It did not go viral because it was a good prompt. It went viral because it correctly diagnosed three failure modes every practitioner recognizes:

Silent wrong assumptions. The agent charges ahead on an unverified guess instead of asking. Chang's counter: "Think Before Coding" - state assumptions, surface confusion, ask when unclear.
Over-engineering. The 50-line fix becomes 500 lines with a speculative abstraction layer. Chang's counter: "Simplicity First" - minimum code that solves the problem, nothing speculative.
Orthogonal edits. The agent touches code nobody asked it to touch. Chang's counter: "Surgical Changes" - touch only what you must, clean up only your own mess.

Chang's fourth rule, Goal-Driven Execution, is not a failure mode but a verification loop - hold that thought; it returns in the section on composing gates, one enforcement step from being real.

This is not anecdote-scale. The largest published analysis of developer-agent misalignment - Tang et al., covering 20,574 real coding-agent sessions across 1,639 repositories - found that the single most common failure category, at 38.33 percent of misalignment cases, was Developer Constraint Violation: the agent doing something the developer had explicitly constrained it not to do. The dominant failure mode of coding agents is not incapability. It is ungoverned capability.

Now the move the listicles never make. Put each of the three failure modes on the Enforceability Axis and they land in three different places:

Silent wrong assumptions are advisory by nature. No deterministic check can detect that the model is proceeding on a wrong interpretation of an ambiguous request - detecting it would require already knowing the right interpretation. "Stop and ask" is genuinely the ceiling, and a CLAUDE.md rule is the correct tool. Not a compromise. Correct.
Orthogonal edits are checkable. "This edit targets a file outside the declared scope of the task" is a boolean a twenty-line script can compute from the tool call's arguments. Which means it can be a hook. And if scope violations cost you real money or review time - if they matter - it should be.
Over-engineering sits in between. Diff size and file count are measurable; "this abstraction is speculative" is judgment. You can gate the measurable proxy (flag any diff over N lines for a one-function request) while the substance stays advisory.

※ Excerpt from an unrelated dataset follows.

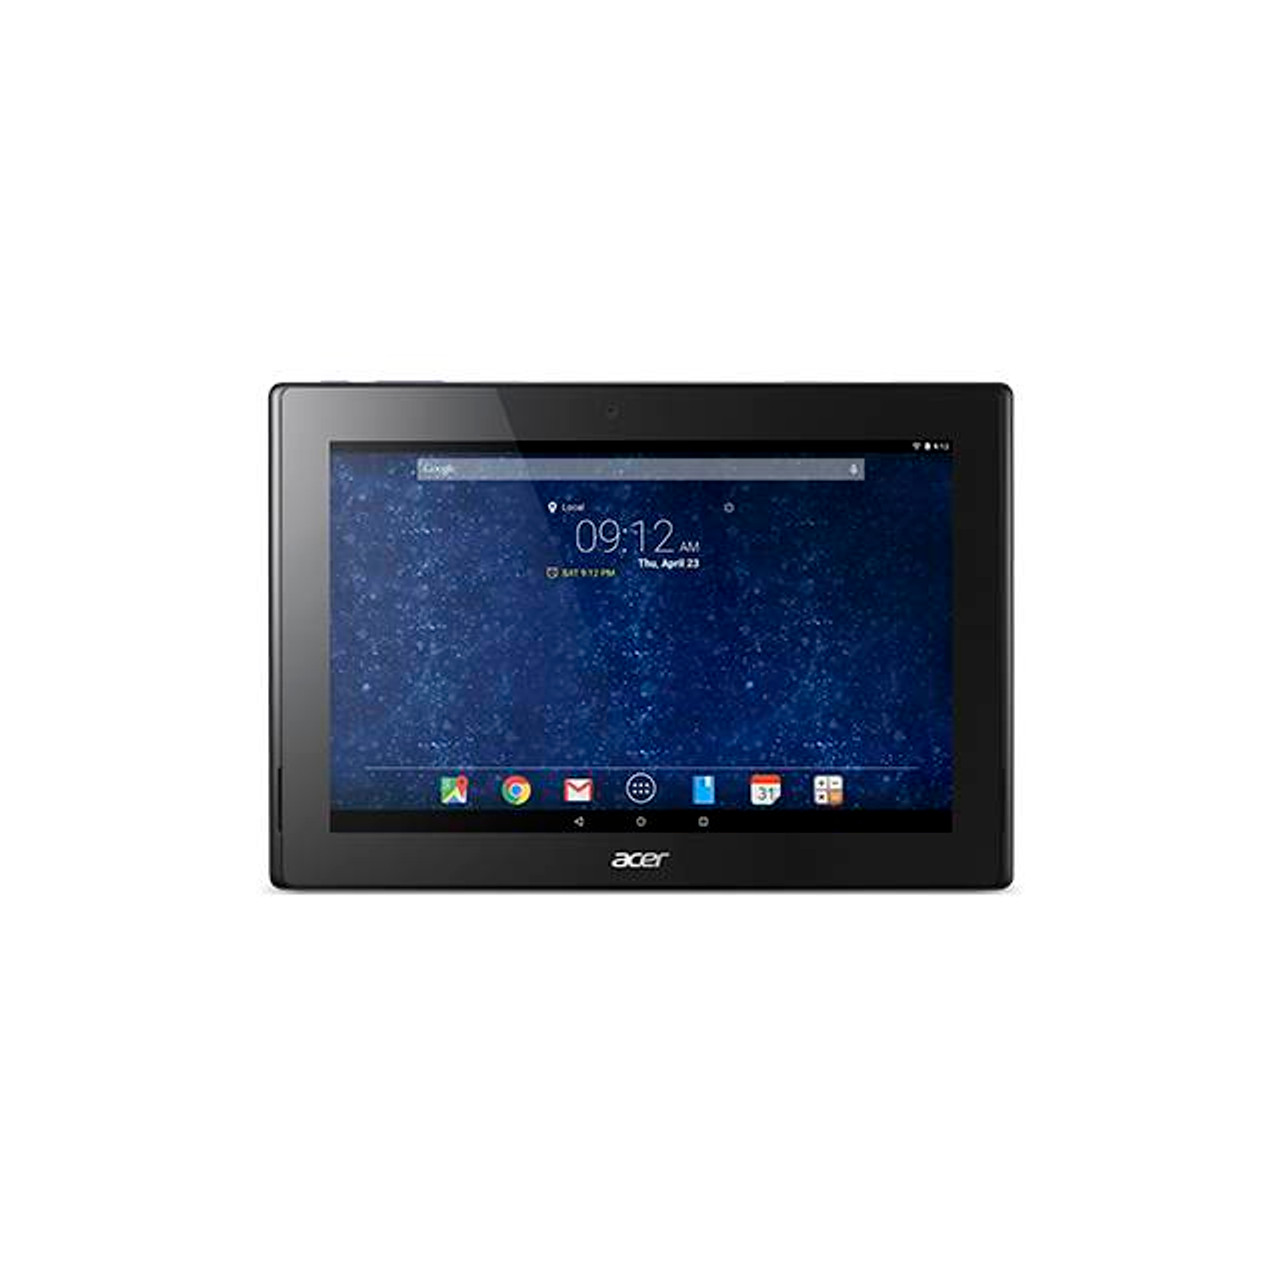 Acer Iconia Tab 10 A3-A30-18P1 10.1 inch Intel Atom Z3735F 1.3GHz/ 2GB DDR3L/ 16GB eMMC/ Android 5.0 Tablet (Blue)

Three famous failure modes, three different positions on one axis. That is the whole article in miniature, and it explains both the repo's success and its ceiling: 187,000 stars went to four advisory rules, and the one rule among them that could have been a gate - Surgical Changes - is still being violated somewhere right now, politely, by an agent that read it.

CLAUDE.md vs. Skills vs. Hooks: What Each Layer Actually Guarantees

Precision about the triad is the reader's payoff, so here are the primitives without the marketing gloss. (Part 5 of this series, Which Claude Code Layer Solves Your Problem?, maps all five extensibility layers to problem types and names the cost of misdiagnosis the Wrong-Layer Tax; this section is the enforceability cross-section of that map.)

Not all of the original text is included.